Okay, this is a question + solution in case others run into the issue. I had an infuriating problem where libvirt guest KVM VMs couldn’t assign a real ipv6 address (only link local). I struggled to track it down because I don’t believe I was flushing all iptables rules consistently so the issue was intermittent (I’ve now switched to nftables where that is simpler). A useful diagnostic tool was the rdisc6
command from nixpkgs#ndisc6
which indicated that router solicitations failed with the docker rules enabled:
From guest:
sudo rdisc6 -1 <ethernet interface>
resulting in “timed out” messages.
It turns out this is a common issue with docker where it blocks forwarding outside of its own bridge interface. The main workaround on the arch wiki where docker is set to use this bridge wasn’t an option because I’m using the bridge as my host interface (so it has IPs assigned from an upstream router).

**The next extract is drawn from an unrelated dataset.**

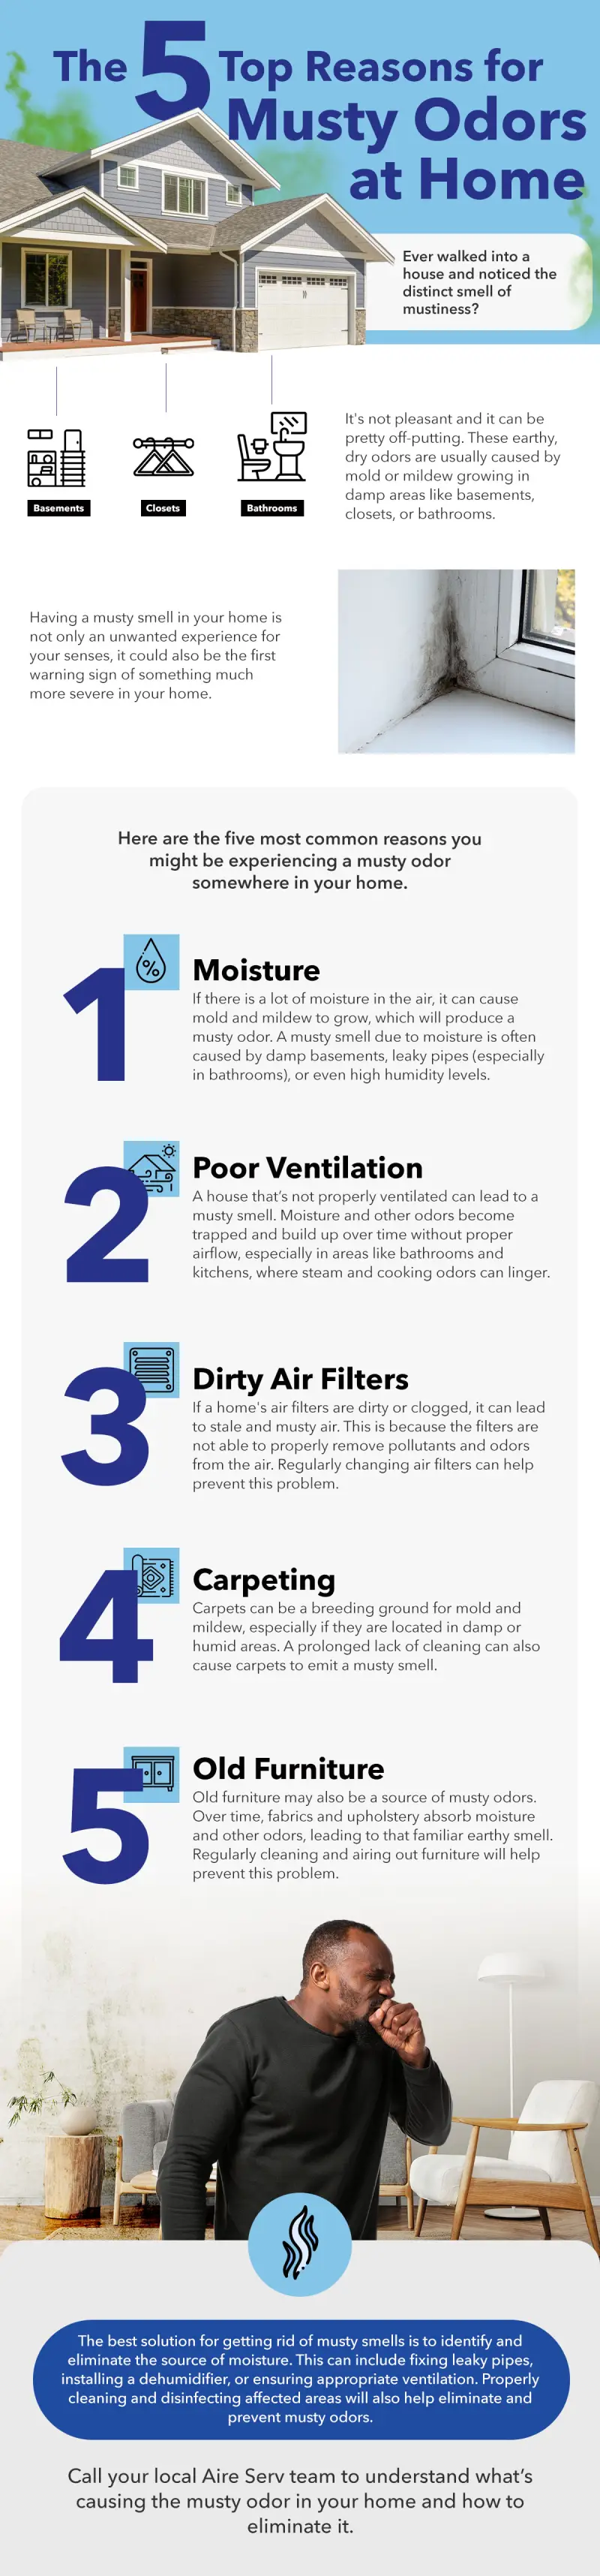 Infographic of the five reasons for musty odors in the home: moisture, poor ventilation, dirty air filters, carpeting, and old furniture.

Anyway, the workaround with nftables:
networking.nftables.enable = true;
networking.firewall = {
filterForward = true;
extraForwardRules = "iifname br0 accept";
};
where br0 is the host bridge interface.
Why this only affected ipv6 and not ipv4 I cannot say, given the other discussions I found indicated that both should be broken.
EDIT: One issue is that if docker is restarted its own rules seem to take priority again until I also restart nftables.
EDIT 2: Okay, the workaround above doesn’t solve the problem. Restarting nftables clears all of the iptables compatibility rules created by docker. I’m not sure if my workaround is incorrect or if the docker created rules are taking priority over the nft rule.